Speaker verification

US9343067B2 · US · B2

Patent metadata
FieldValue
Publication numberUS-9343067-B2
Application numberUS-200913126859-A
CountryUS
Kind codeB2
Filing dateOct 29, 2009
Priority dateOct 29, 2008
Publication dateMay 17, 2016
Grant dateMay 17, 2016

How to read this patent

A practical reading order for non-experts. Skip the full description unless you need deep technical detail.

  1. Title

    What the patent document calls the invention.

  2. Abstract

    A short plain-language summary of the technical disclosure.

  3. Assignees and inventors

    Who owns or filed the patent and who is credited as inventor.

  4. Key dates

    Filing, priority, publication, and grant dates set the timeline.

  5. First independent claim

    The legal scope of protection — read this for what is actually claimed.

  6. CPC / IPC classifications

    Technology tags used to group this patent with similar filings.

  7. Citations and related patents

    Prior art links and similar publications in this corpus.

Abstract

Official abstract text for this publication.

A speaker verification method is proposed that first builds a general model of user utterances using a set of general training speech data. The user also trains the system by providing a training utterance, such as a passphrase or other spoken utterance. Then in a test phase, the user provides a test utterance which includes some background noise as well as a test voice sample. The background noise is used to bring the condition of the training data closer to that of the test voice sample by modifying the training data and a reduced set of the general data, before creating adapted training and general models.
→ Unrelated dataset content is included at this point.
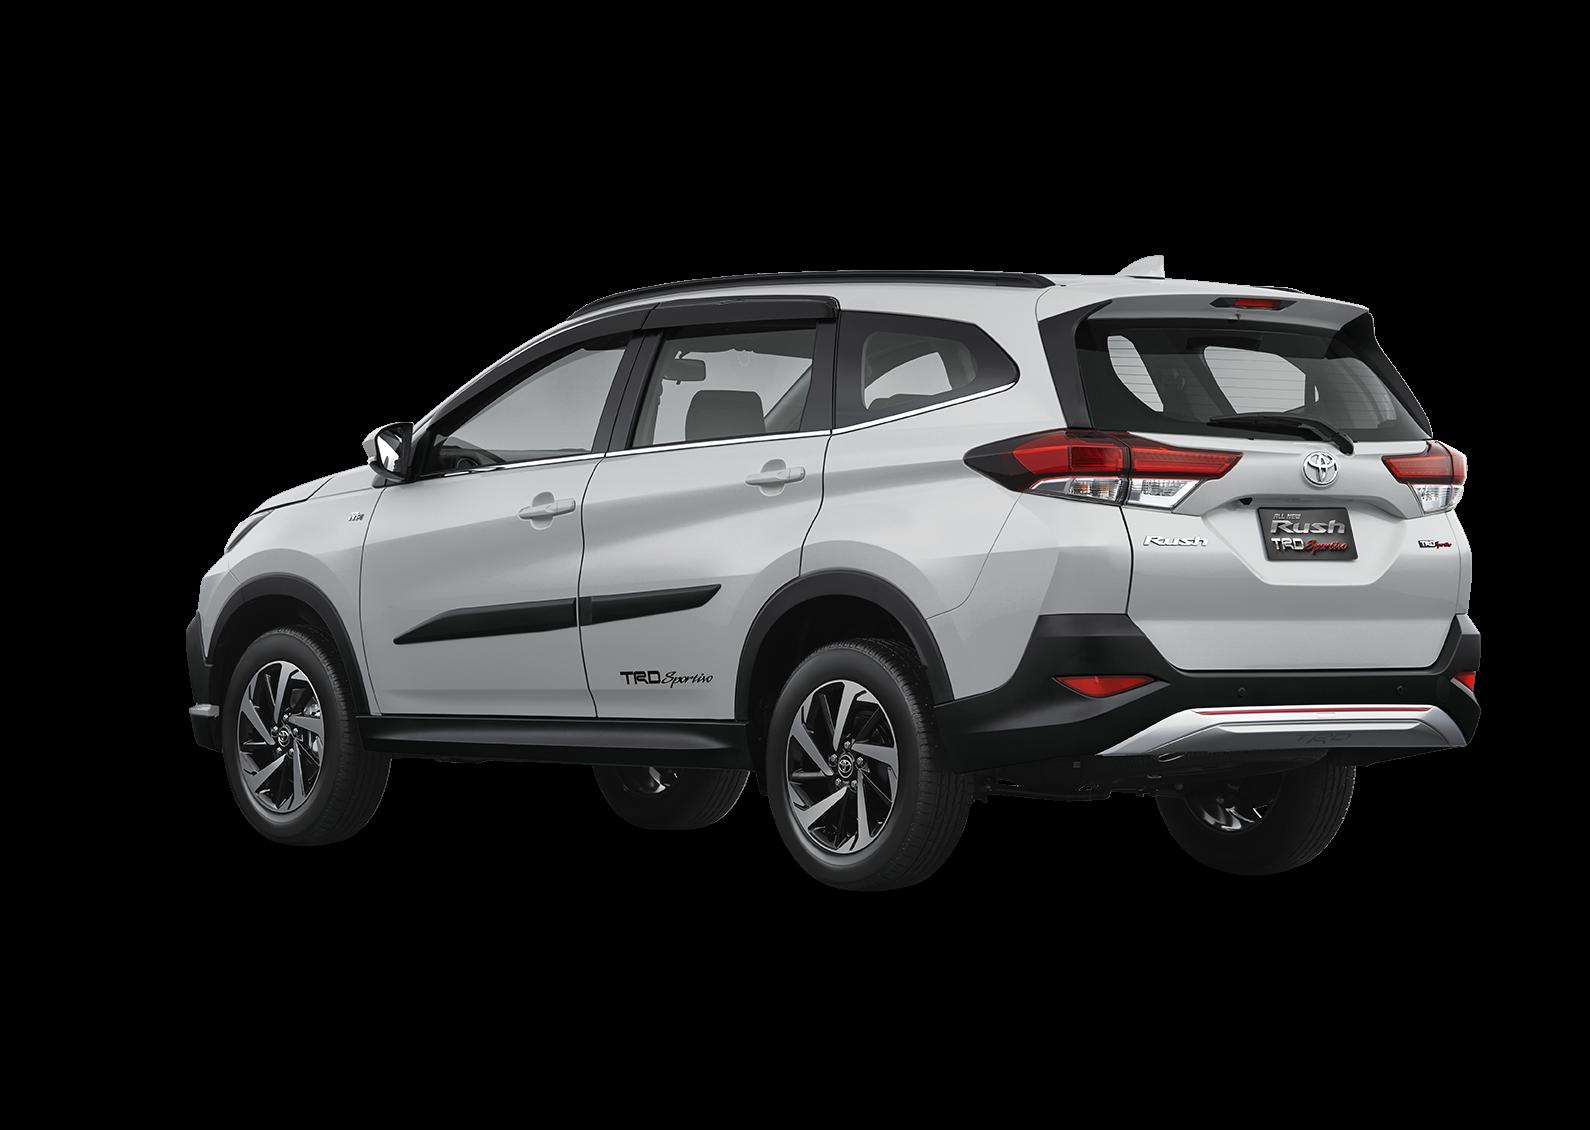 Toyota New Rush 2018 >> New 2018 Toyota Rush SUV makes debut in Indonesia Paul Tan - Image 742833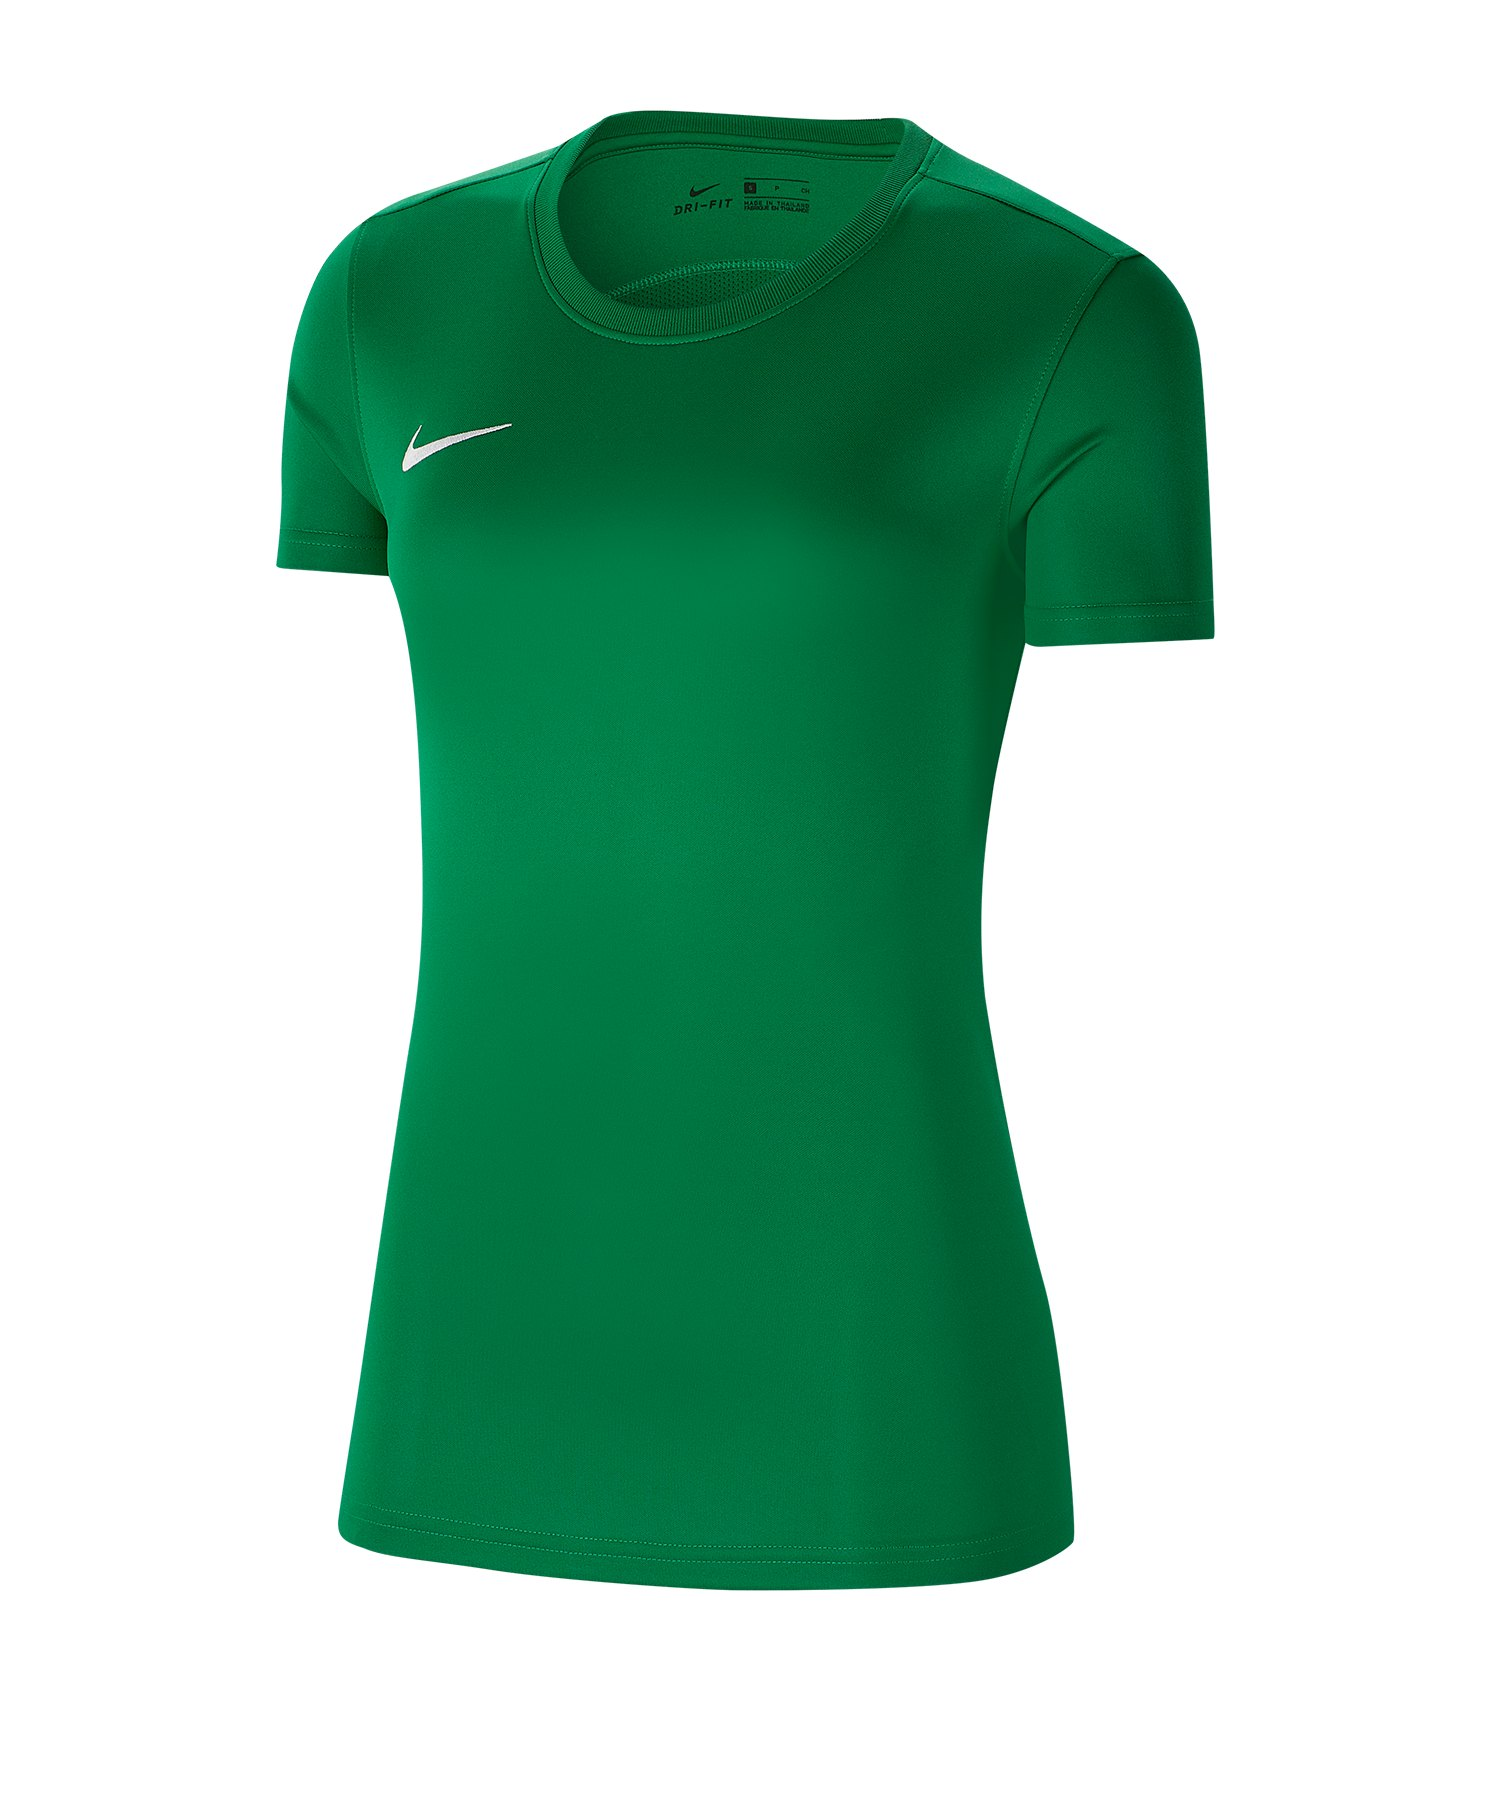 Nike Park VII Trikot Damen Grün F341 - gruen

Match scores are generated based on the comparison between the adapted models and the test voice sample, with a final match score calculated based on the difference between the match scores. This final match score gives a measure of the degree of matching between the test voice sample and the training utterance and is based on the degree of matching between the speech characteristics from extracted feature vectors that make up the respective speech signals, and is not a direct comparison of the raw signals themselves. Thus, the method can be used to verify a speaker without necessarily requiring the speaker to provide an identical test phrase to the phrase provided in the training sample.

First claim

Opening claim text (preview).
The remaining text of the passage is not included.